India Reconsiders Renewable Energy Penalties: Balancing Grid Discipline with Sector Growth

Posted On - 23 April, 2026 • By - King Stubb & Kasiva

Introduction

India’s rapid expansion of renewable energy capacity has brought grid management challenges into sharper focus. Variability in wind and solar generation while inherent to these technologies creates operational complexities for grid stability and scheduling.

Against this backdrop, the Central Electricity Regulatory Commission (CERC) has been working on a revised regulatory approach to deviation settlement and scheduling compliance, which includes stricter financial consequences for generators failing to adhere to committed supply schedules.

However, concerns raised by industry stakeholders have prompted a reconsideration of aspects of this framework. The ongoing review reflects a broader regulatory tension: ensuring grid reliability while preserving investor confidence and project bankability in a sector critical to India’s energy transition.

Regulatory Framework and Proposed Changes

Electricity scheduling and dispatch in India are governed by mechanisms such as the Deviation Settlement Mechanism (DSM) Regulations, issued by CERC under the Electricity Act, 2003.

The DSM framework is designed to:

  • Maintain grid discipline by penalizing deviations from scheduled generation or consumption
  • Ensure frequency stability across the national grid
  • Incentivize accurate forecasting and scheduling, particularly for variable renewable energy (VRE) sources

Recent regulatory proposals have sought to:

  • Tighten permissible deviation bands for renewable energy generators
  • Increase financial disincentives for under- or over-injection relative to scheduled output
  • Strengthen forecasting and scheduling obligations, including day-ahead and intra-day revisions

While such measures are not entirely new, their increased stringency and broader applicability mark a significant shift in compliance expectations for renewable energy developers.

Renewable energy developers have expressed concerns that stricter penalty regimes may have disproportionate financial impacts, particularly given the inherent intermittency of wind and solar resources.

From a legal and commercial perspective, several issues arise:

  • Change in Law and Tariff Adjustment: Many power projects operate under long-term Power Purchase Agreements (PPAs). A material shift in penalty exposure may trigger “change in law” provisions, potentially entitling developers to tariff adjustments or compensation, depending on contract wording.
  • Risk Allocation under PPAs: The extent to which scheduling and forecasting risks are borne by generators versus procurers (or intermediaries such as DISCOMs) becomes critical. Stricter DSM norms may effectively reallocate risk toward generators, altering the original commercial equilibrium.
  • Project Bankability: Renewable energy financing depends heavily on predictable cash flows. Increased exposure to penalties particularly where forecasting tools remain imperfect may affect lender confidence and increase the cost of capital.
  • Retrospective Impact Concerns: Projects commissioned under earlier regulatory assumptions may face heightened compliance burdens, raising questions of regulatory certainty and legitimate expectations.

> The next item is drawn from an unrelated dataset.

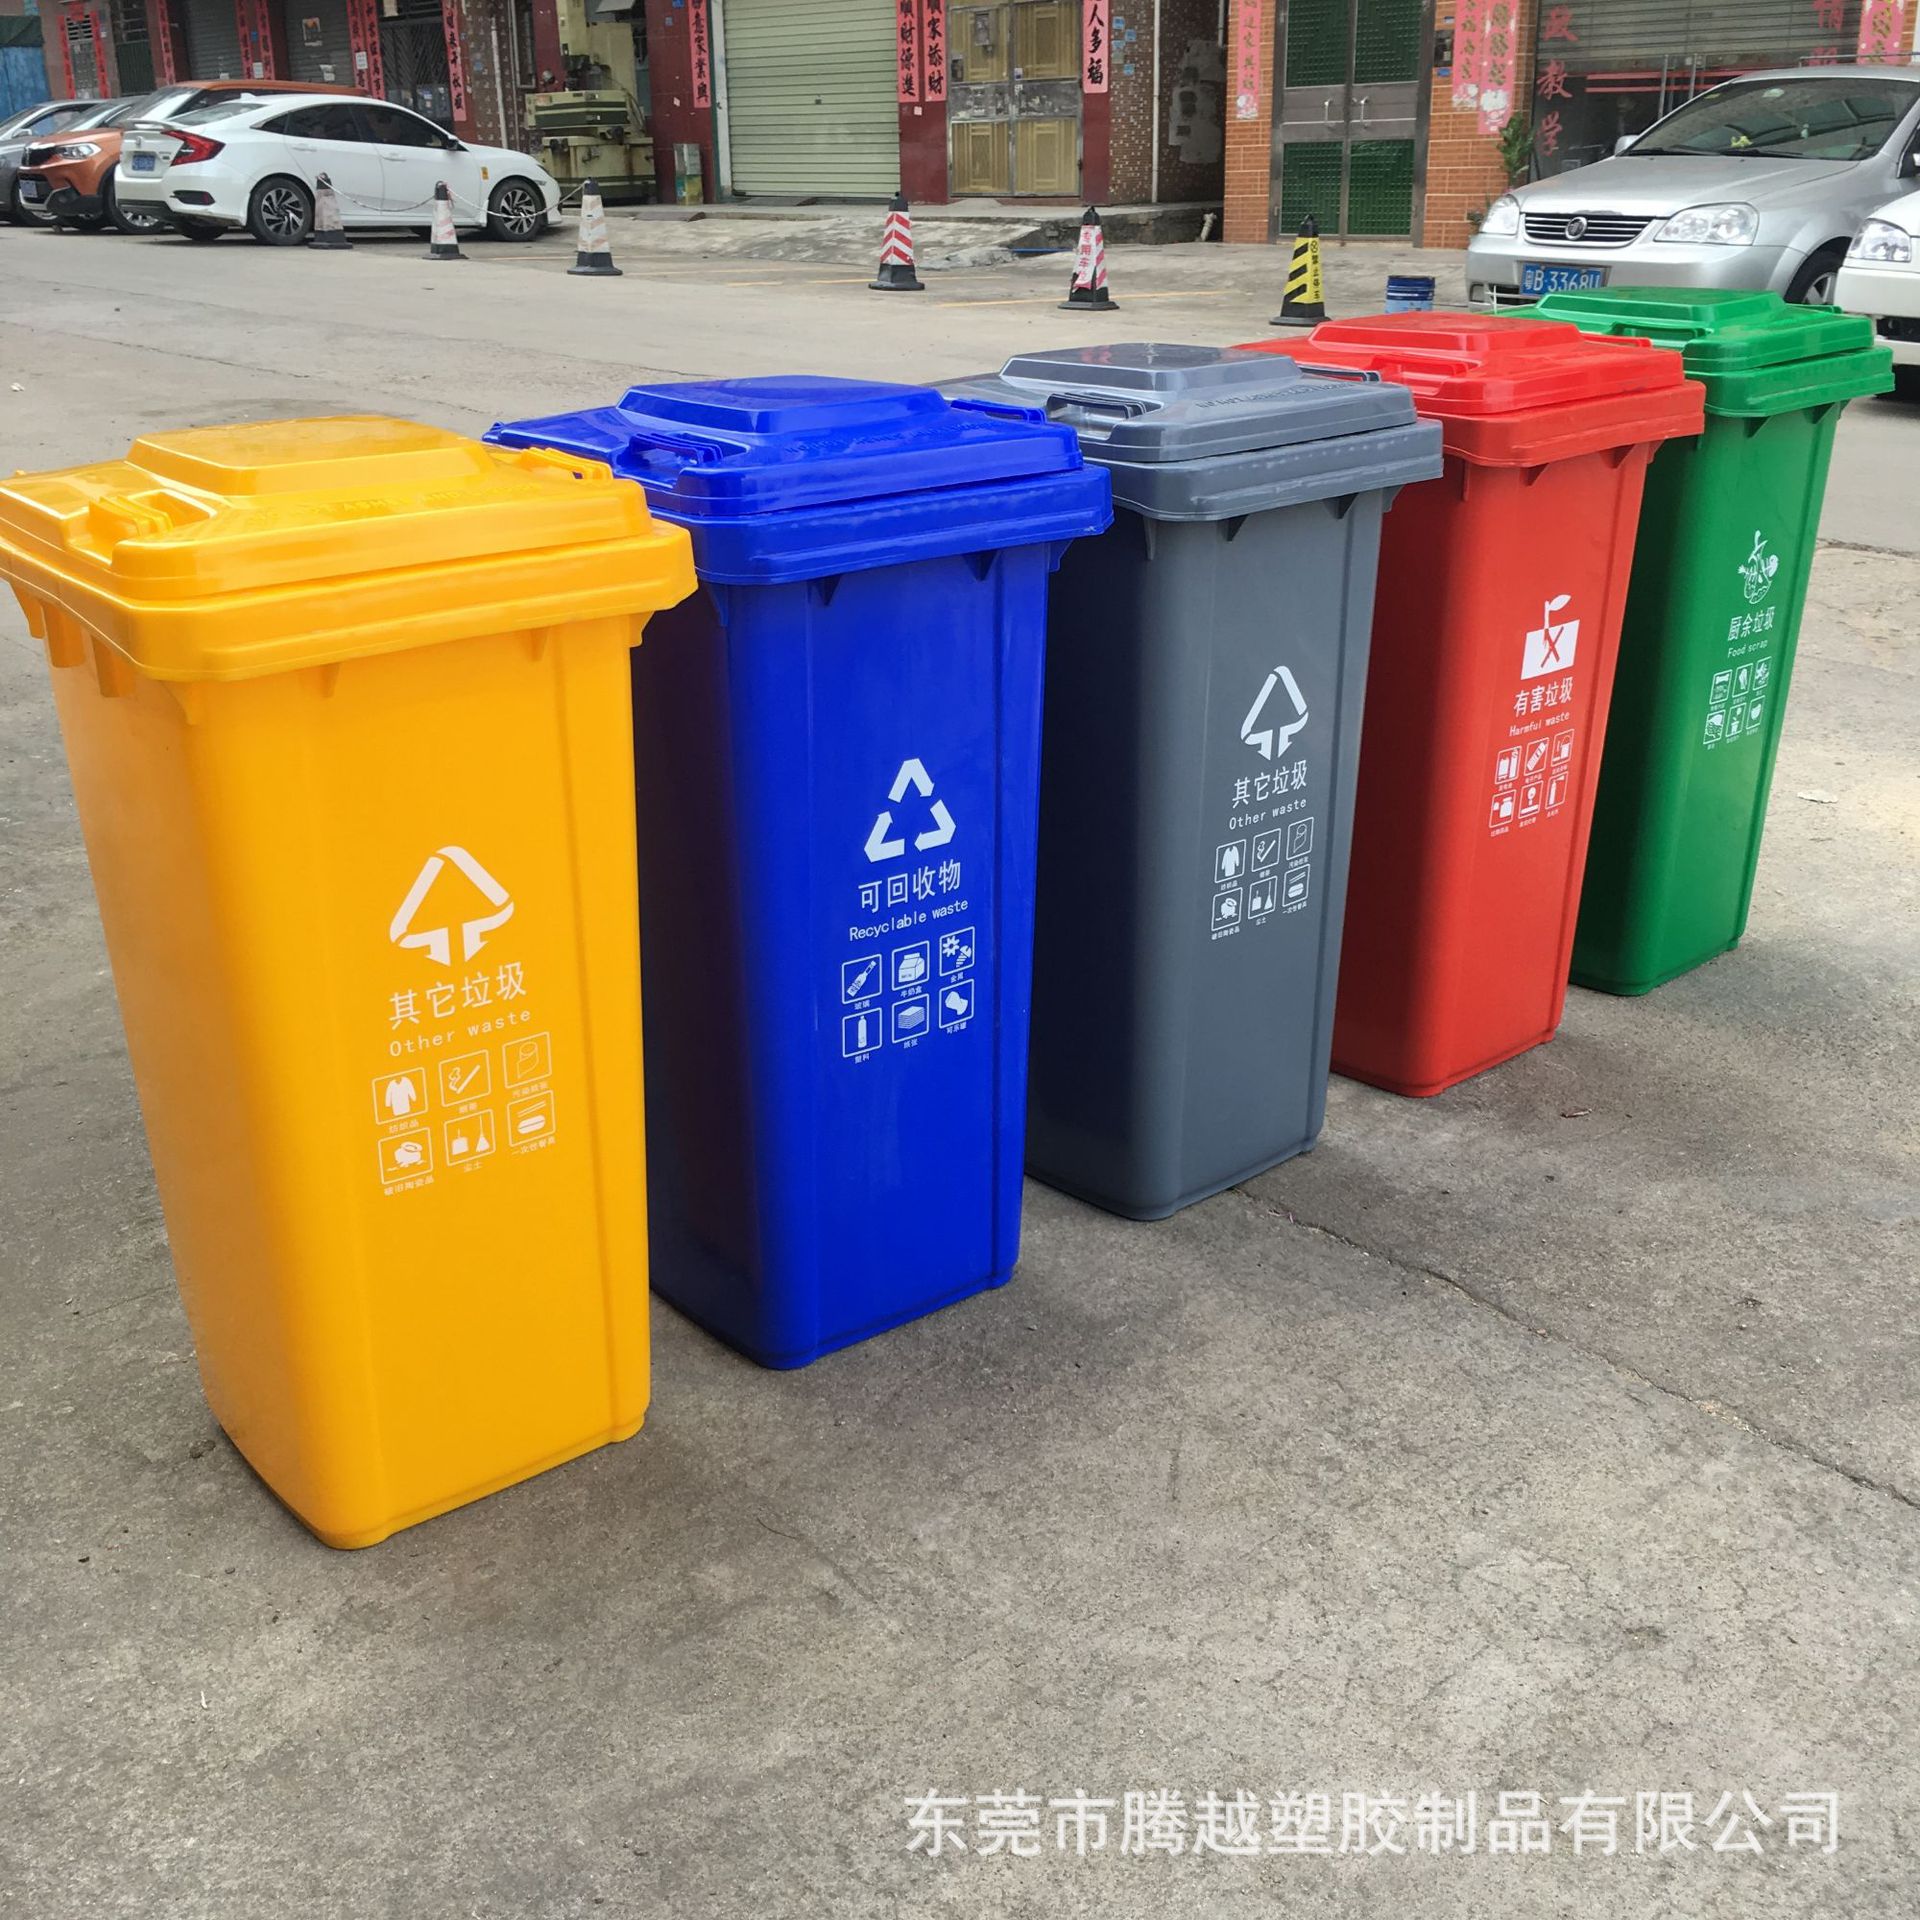 回收的纸如何生产再利用_回收纸再利用_纸的回收利用
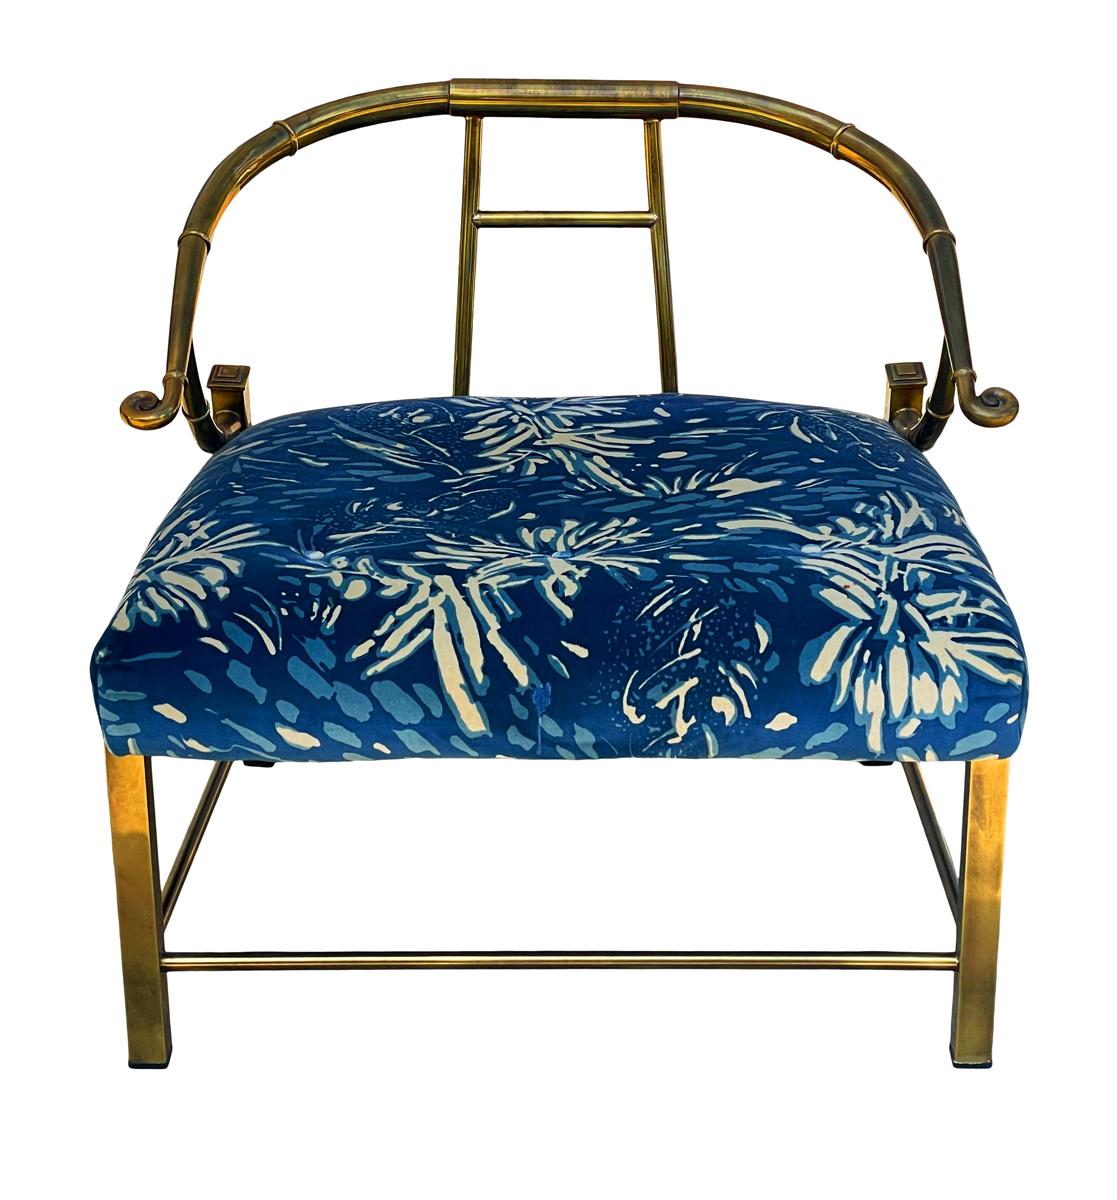 Un fauteuil de salon classique bien construit d'inspiration asiatique produit par Mastercraft au début des années 1970. Il est doté d'un lourd encadrement en laiton et du tissu décoratif d'origine. Prêt à l'emploi.

Regulatory Reassessment and Policy Direction

In response to industry feedback, the government and regulators are reportedly examining:

  • Proportionality of penalties, particularly in relation to the technical limitations of renewable forecasting
  • Phased implementation, allowing developers time to upgrade forecasting and grid-integration capabilities
  • Differentiated treatment for renewable energy vis-à-vis conventional generators
  • Greater flexibility in enforcement, without undermining grid discipline

This recalibration is consistent with India’s dual policy objectives: maintaining grid stability while accelerating progress toward its ambitious renewable energy targets.

Conclusion

India’s evolving approach to renewable energy penalties represents a critical inflection point in its electricity regulatory landscape. While stricter deviation norms are essential for a stable and reliable grid, overly rigid enforcement risks undermining investment in the very sector driving the energy transition.

The path forward lies in calibrated regulation, one that recognizes the physical realities of renewable generation while steadily improving forecasting, scheduling accuracy, and grid infrastructure.

For stakeholders, the developments highlight the need to:

  • Closely monitor regulatory changes under the CERC framework
  • Reassess contractual protections, particularly change-in-law and risk allocation clauses
  • Invest in advanced forecasting and compliance systems

Ultimately, a balanced and predictable regulatory environment will be key to aligning India’s grid stability requirements with its long-term clean energy ambitions.